Лия вырвалась из сна не с криком, а с тихим, спазматическим вздохом, как будто кто-то резко дёрнул её за невидимую нить, привязанную к солнечному сплетению. Сердце колотилось в горле, отдаваясь глухими ударами в висках. Тело было покрыто липким, холодным потом, хотя во сне не было кошмара. Был ужас почище – ужас привычки.

Он скоро проснётся.

Мысль пронеслась, отточенная и чёткая, как лезвие. В 8:00 – тяжёлые шаги по коридору. В 8:30 на кухонном столе уже должен дымиться завтрак. Яичница. Или овсянка. Жидкая. Проспать – значило гарантированно получить ту самую, звонкую пощёчину, от которой губа распухает за минуту, а щека будет гореть до самого вечера.

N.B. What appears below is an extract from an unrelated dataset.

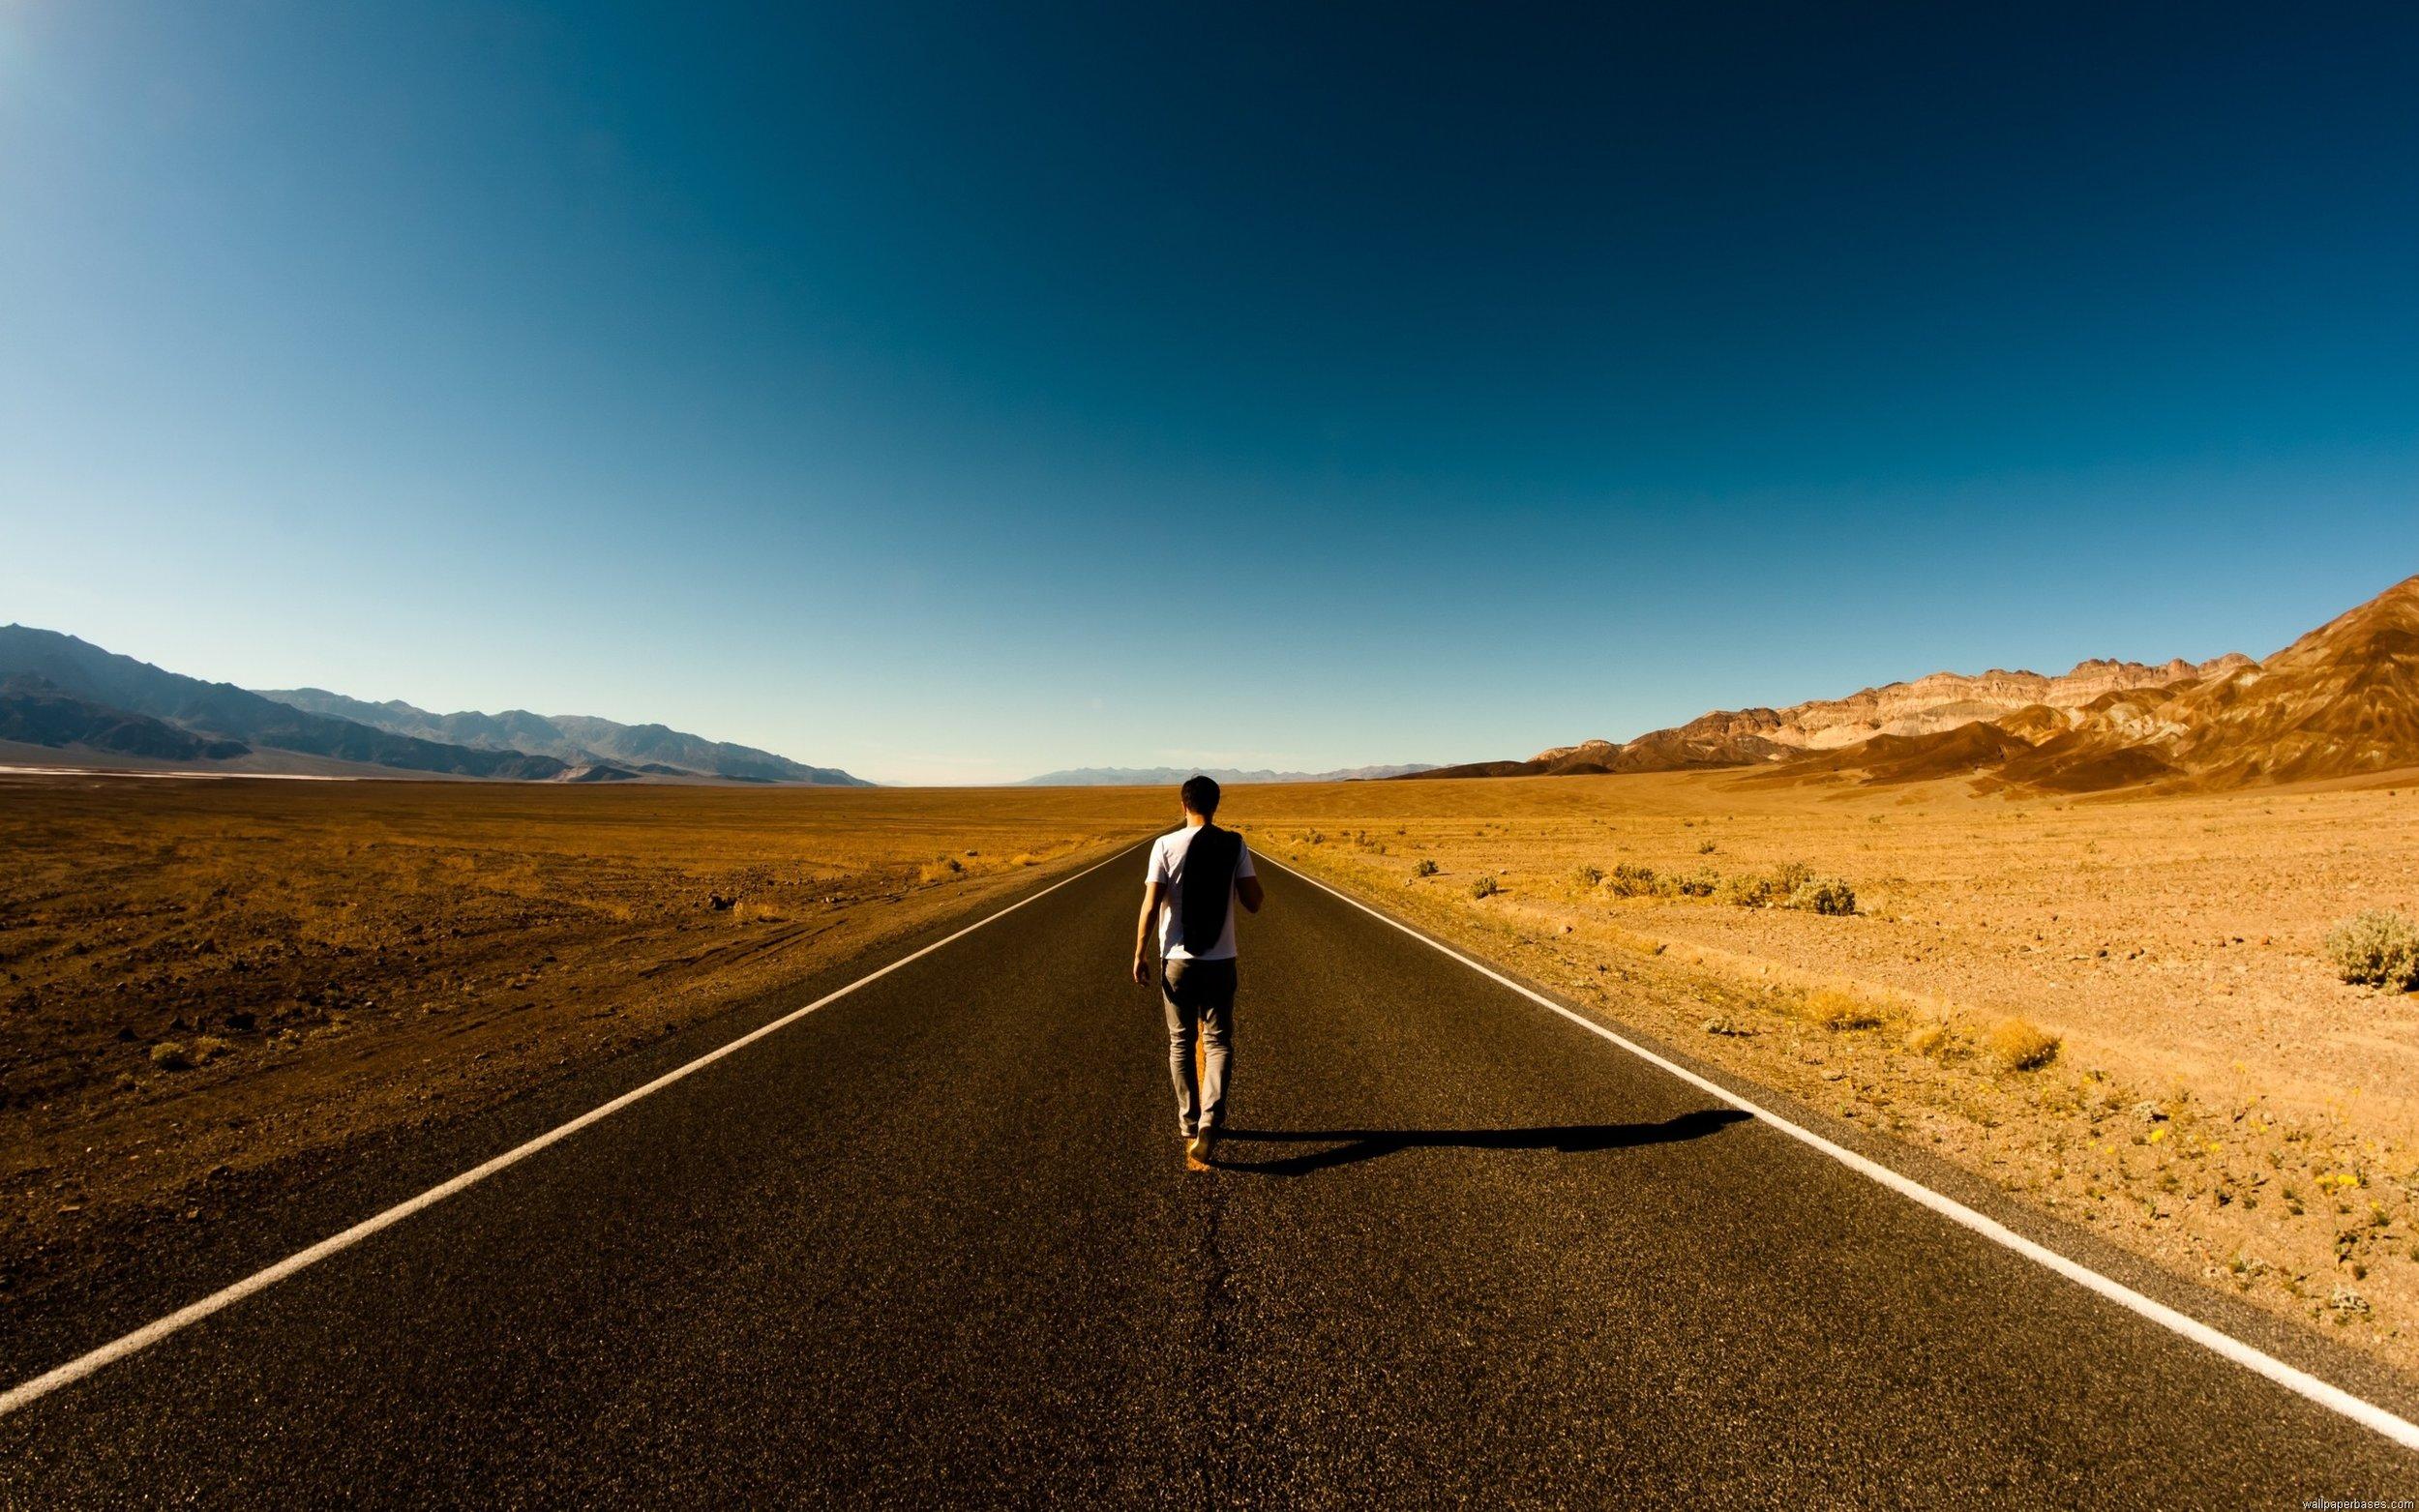 Man Walking On Highway.jpg
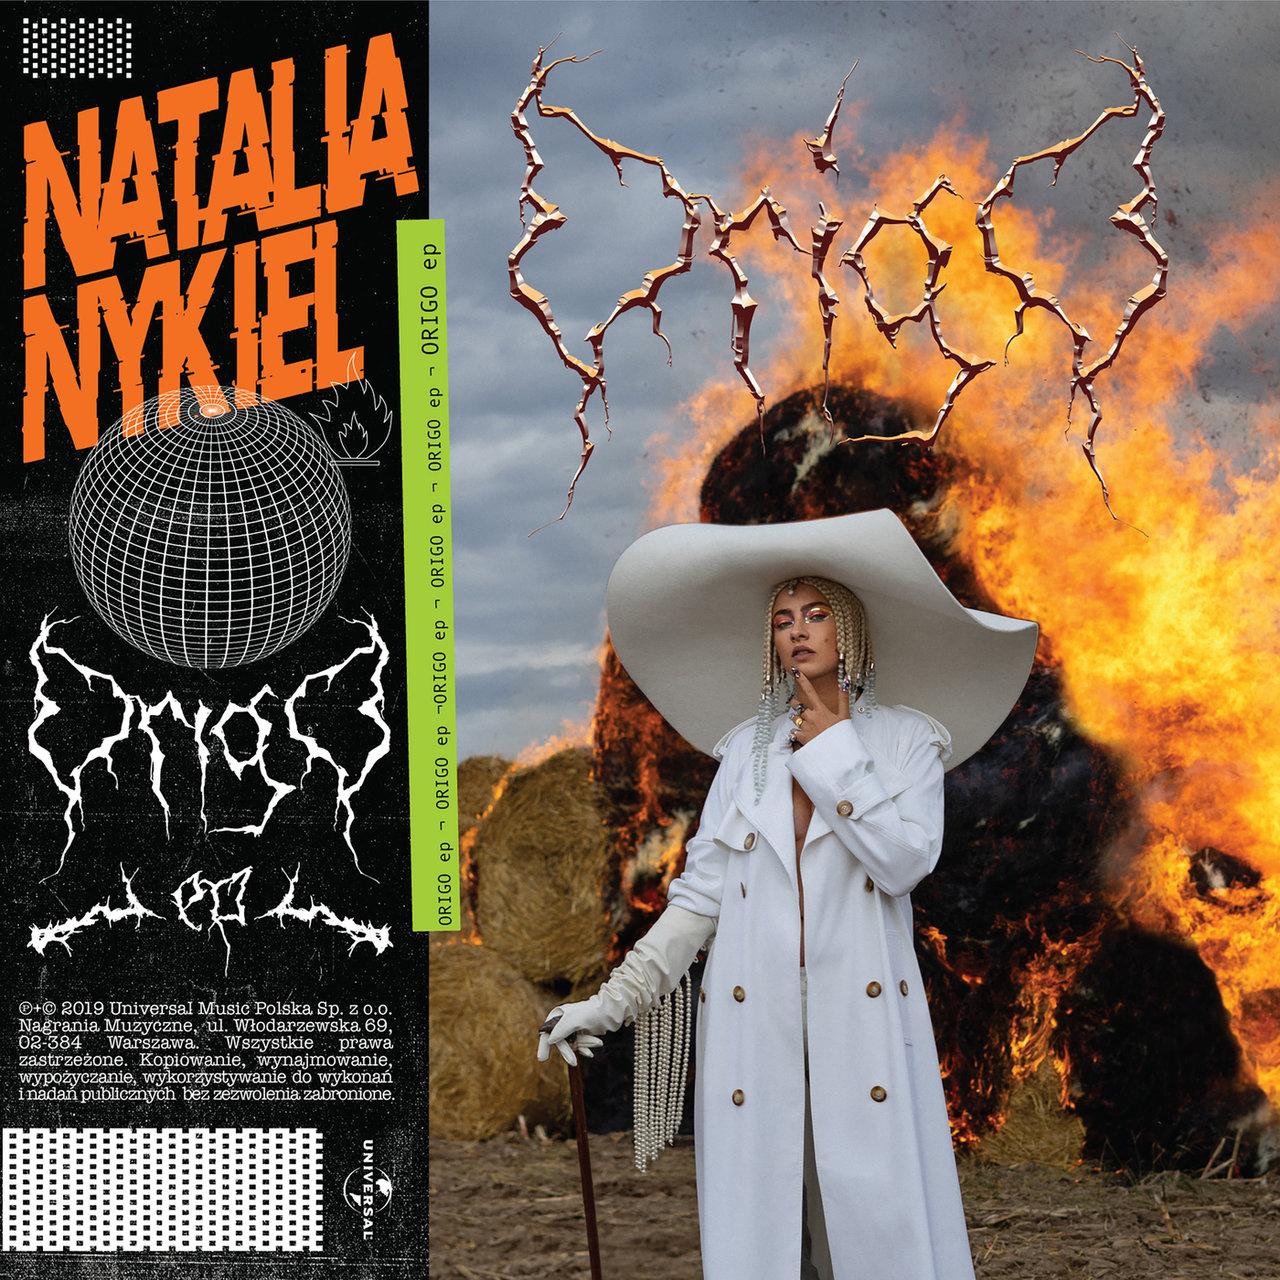 Natalia Nykiel - Orgio EP

Она сорвалась с кровати, спотыкаясь о собственное одеяло, и на ощупь схватила вчерашние вещи – джинсы, футболку. Двигалась на автомате, как запрограммированный механизм, и рванула к двери. Рука, холодная и потная, вцепилась в ручку.

И тут её тело, опередив сознание, застыло.

Пахло не затхлостью, сыростью и вчерашним пивом. Пахло… ничем. Чистотой. Тишиной.

Она медленно, с трудом, словно преодолевая гравитацию целой планеты, подняла взгляд.

На стенах – не обшарпанные, отклеивающиеся по швам обои с пятнами непонятного происхождения. Стены были светлыми. Гладкими. На одной из них висела картина – абстрактные разводы синего и серого. Она висела не для того, чтобы прикрыть вмятину от удара или дыру. Она висела просто так. Бессмысленно. Прекрасно.

Под ногами был не линолеум, протёртый до дыр и липкий на ощупь, а мягкий, глубокий ковёр, в котором тонули её босые ступни.

Она разжала пальцы. На дверной ручке остались отпечатки её вспотевших ладоней.

Не Гэри. Не её богом забытый, пропахший отчаянием ад.

Калифорния. Лос-Анджелес. Дом Билли.

Воздух, который она вдыхала, был другим – сухим, с едва уловимыми нотами океана и цветущего жасмина за окном.

Она сделала несколько шагов, и её ноги подкосились. Она опустилась на край кровати, и матрас мягко, беззвучно принял её вес. Она сидела, сгорбившись, и смотрела в окно. За стеклом, на заднем дворе, царил предрассветный полумрак. На горизонте, над силуэтами чужих крыш, лежала тонкая, молочно-белая полоска – первый признак того, что ночь сдаётся.

Незнакомая птица вывела где-то чистую, тревожную трель. На соседском заборе, вырисовываясь тёмным очертанием на фоне светлеющего неба, сидел упитанный рыжий кот. Он, лениво потягиваясь и выгибая спину дугой, начал тщательно вылизывать лапу, поглощённый важным ритуалом умывания.

По дороге вдалеке с мягким шуршанием проехала машина. Кто-то спешил на работу. В мир, где есть работа, на которую спешат.

Лия прислонилась виском к прохладной стене. Часы на тумбочке светились зелёными цифрами: 5:47.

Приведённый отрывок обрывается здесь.